Bank on it: There is a price to pay.TWO of the country’s biggest banks have warned that funding pressures will keep climbing for years to come, setting the scene for more disputes over their mortgage rate decisions.
Despite bankers previously predicting funding costs would cool off from this year, ANZ and Westpac executives yesterday said there had been no let-up in offshore turbulence or competition for deposits.
Instead, banks would be forced to pay a premium to access funds overseas for another five years, the acting chief operating officer of Westpac’s financial services division, Jim Tate, said.
The predictions, which suggest banks are unlikely to pass on any further official interest rate cuts in full, were made before a Senate inquiry into how the global financial crisis has changed banking.
ANZ’s deputy chief, Graham Hodges, said the biggest pressure on its cost of funds was the fierce competition for deposits, which continued to heat up. Banks obtain about half their funding from deposits, but are looking to lift this to 60 per cent, forcing them to offer higher interest rates to savers.
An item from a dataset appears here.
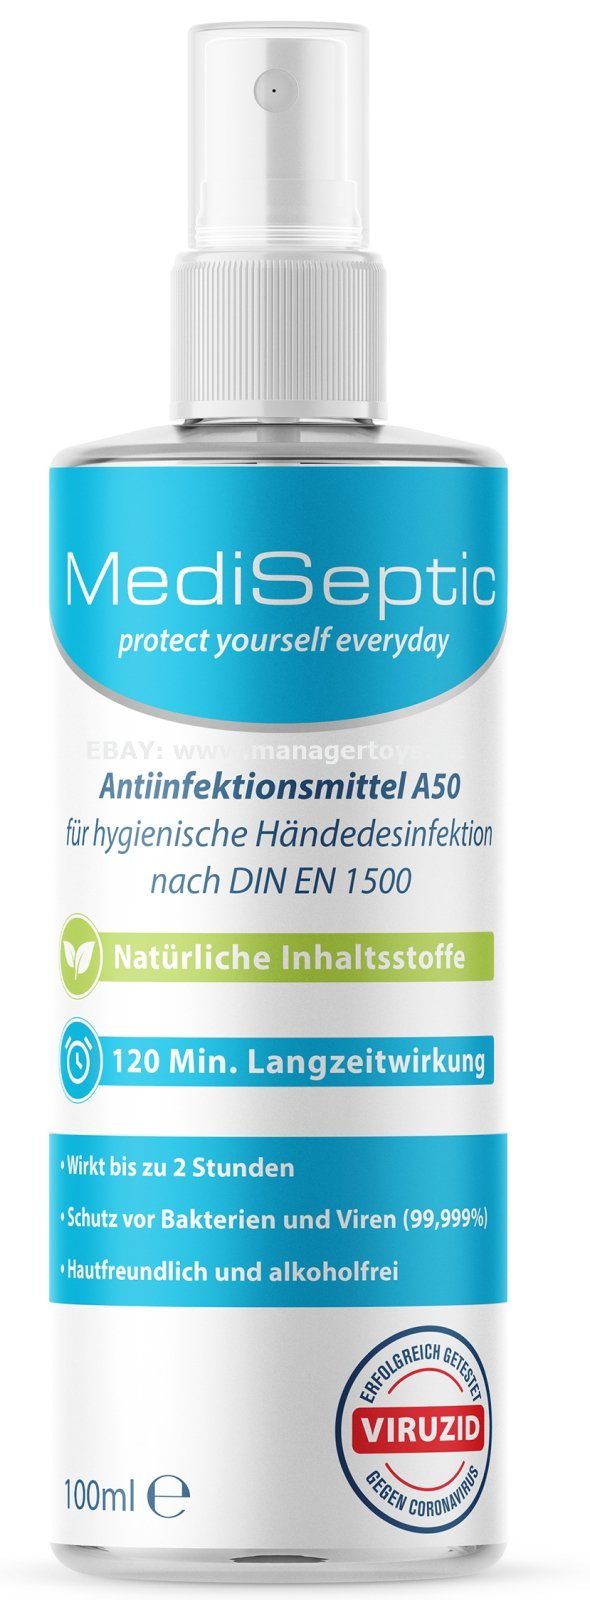 MediSeptic Handcreme MediSeptic Antiinfektionsmittel 99,9% Hand 2 Hände zusätzlich h Desinfektion Desinfektion 100 zur Schutz ml, Anti-Infektion

The competition for funds, alongside jittery overseas markets, would continue pushing up the banks’ costs for the next two years, he said.
”The overall impact at this stage looks as though we’ve got another two years where costs will continue to rise step by step,” Mr Hodges said in Sydney.
Westpac’s Mr Tate told the inquiry there would be no let-up in overseas lenders’ demands that Australian banks pay extra for borrowed funds.
Big banks were paying 1.5 percentage points over the benchmark cost to access long-term capital markets, he said, compared with 0.25 percentage points before the 2008 financial crisis.
”You would think that under normal, ongoing, quite predictable growth, that spread would come in, but we’re not at that point and we’re a good five years away from being at that point,” Mr Tate said.
In 2010, Westpac chief executive Gail Kelly said her best guess was that funding costs would cool off from this year.
Commonwealth Bank group executive David Cohen also said the competition for deposits had made bank funding more sustainable. But the relatively high taxation of income earned from interest was limiting the role of deposit funding.
Mr Cohen also defended the bank against claims its $2 billion takeover of BankWest at the height of the financial crisis had harmed competition, saying the deal saved Australia from a financial shock.
While bank costs are rising, banks are no longer enjoying rapid credit growth that fuelled bumper profits before the global financial crisis.
The Reserve Bank’s assistant governor, Guy Debelle, said that after mortgage growth of almost 20 per cent early last decade, credit was more likely to expand at the pace of the broader economy.
This story Administrator ready to work first appeared on Nanjing Night Net.